With reduce, iterative processing is possible without writing a for statement. reduce takes the following arguments.

--First argument: Function. However, take the calculation result up to the previous time and the value this time as arguments. --Second argument: Loopable object (list, generator, etc.) --Third argument (optional): Initial value. The default is 0

from functools import reduce

func = lambda ans, x: ans * x
a = [1, 2, 3, 4]
start = 10

print(reduce(func, a, start))

output

240  #    10*1 = 10
     # -> 10*2 = 20
     # -> 20*3 = 60
     # -> 60*4 = 240

Recreating the above merge_count using reduce gives:

from functools import reduce

merge_count = lambda *data : reduce( add_elem, chain_items(data), {} )    #Merge above_Equivalent to count
print( merge_count(data1, data2) )

output

{'A': 3, 'B': 2, 'C': 4, 'D': 3}

The following site was very helpful for reduce. Reference: Introduction to Functional Programming

• Method 3 was taught in Comment.

Referenced page

Meaning of weight in numpy.bincount [Category variable encoding] (https://qiita.com/ground0state/items/f516b97c7a8641e474c4)
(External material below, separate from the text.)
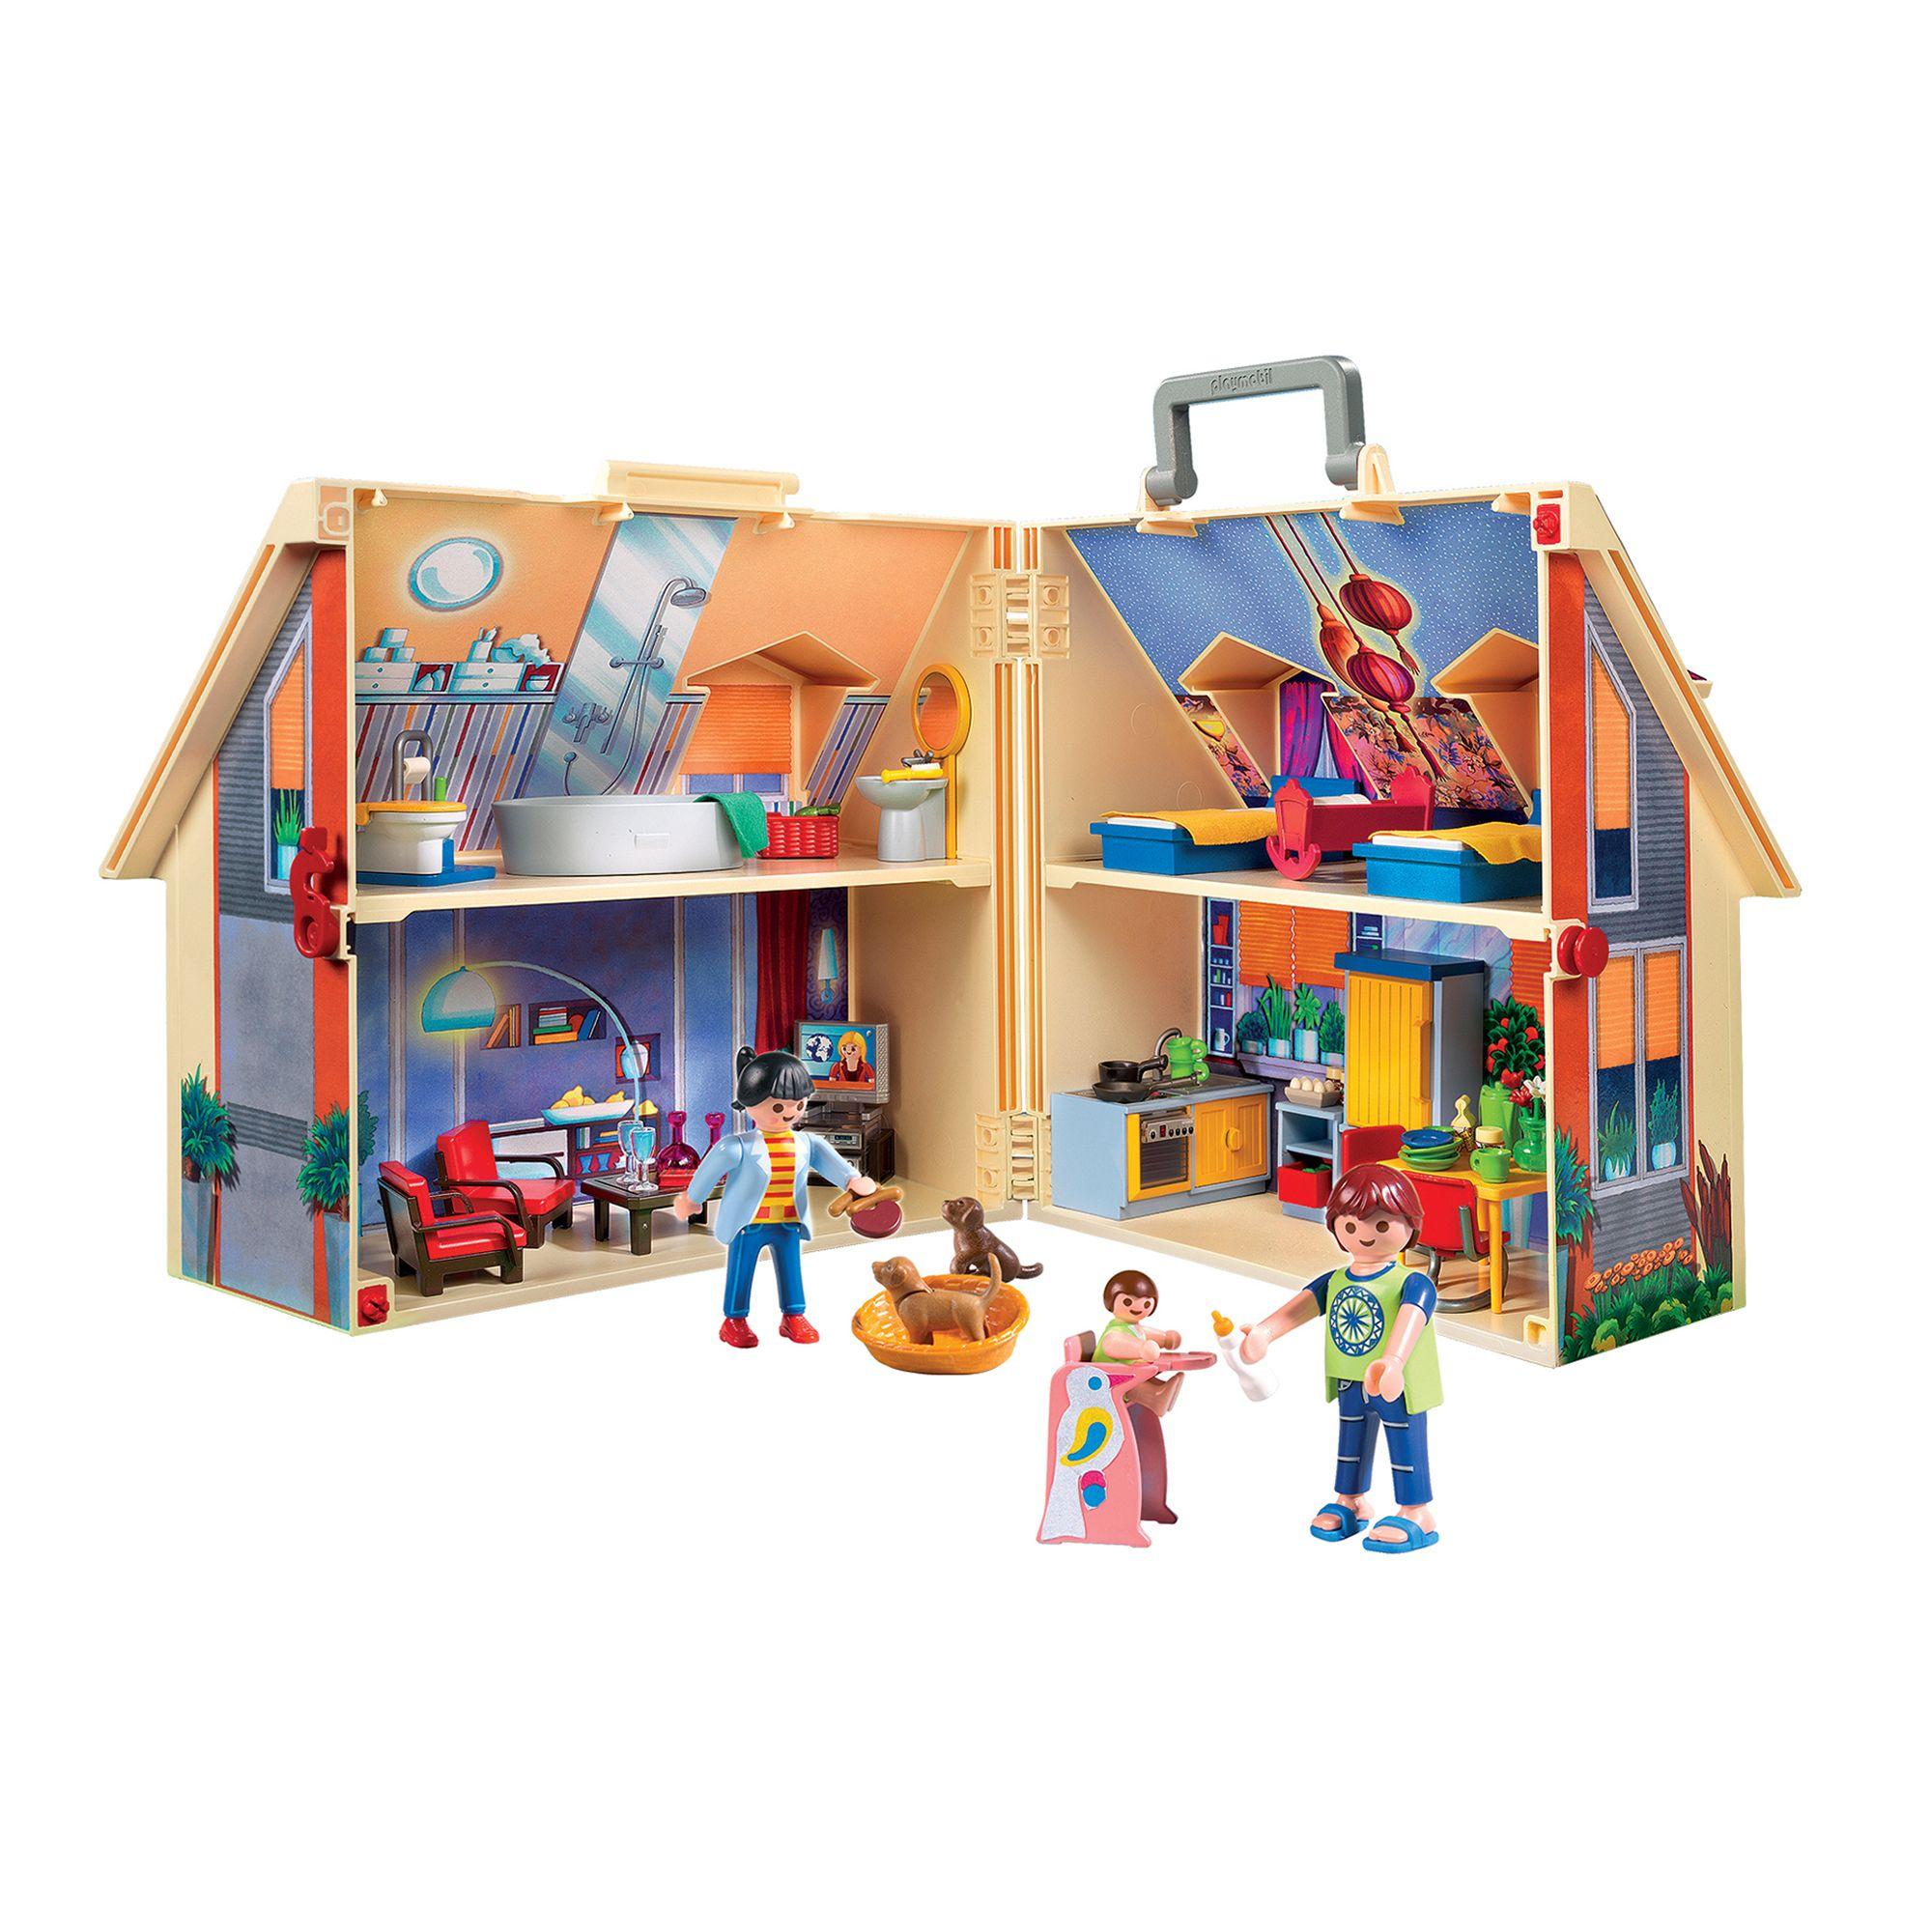 Playmobil Take Along Farm Playmobil® Take Along Modern

[[Python] Enumeration of list elements, how to use collections.Counter] (https://qiita.com/ellio08/items/259388b511e24625c0d7) [Various ways to check the number of occurrences of an element with Python Counter] (https://www.headboost.jp/python-counter/)

[\ [Python ] function arguments \ * (star) and \ * \ * (double star)] (https://qiita.com/supersaiakujin/items/faee48d35f8d80daa1ac) [Introduction to Functional Programming] (https://postd.cc/an-introduction-to-functional-programming/)

[^ 1]: I gave an appropriate concrete example to make it easier to convey, but in reality it was used to aggregate the morphological analysis results of multiple documents. [^ 2]: Execution speed, memory efficiency, etc ... [^ 3]: I couldn't think of anything other than writing a for statement with my own knowledge ... (excluding list comprehensions).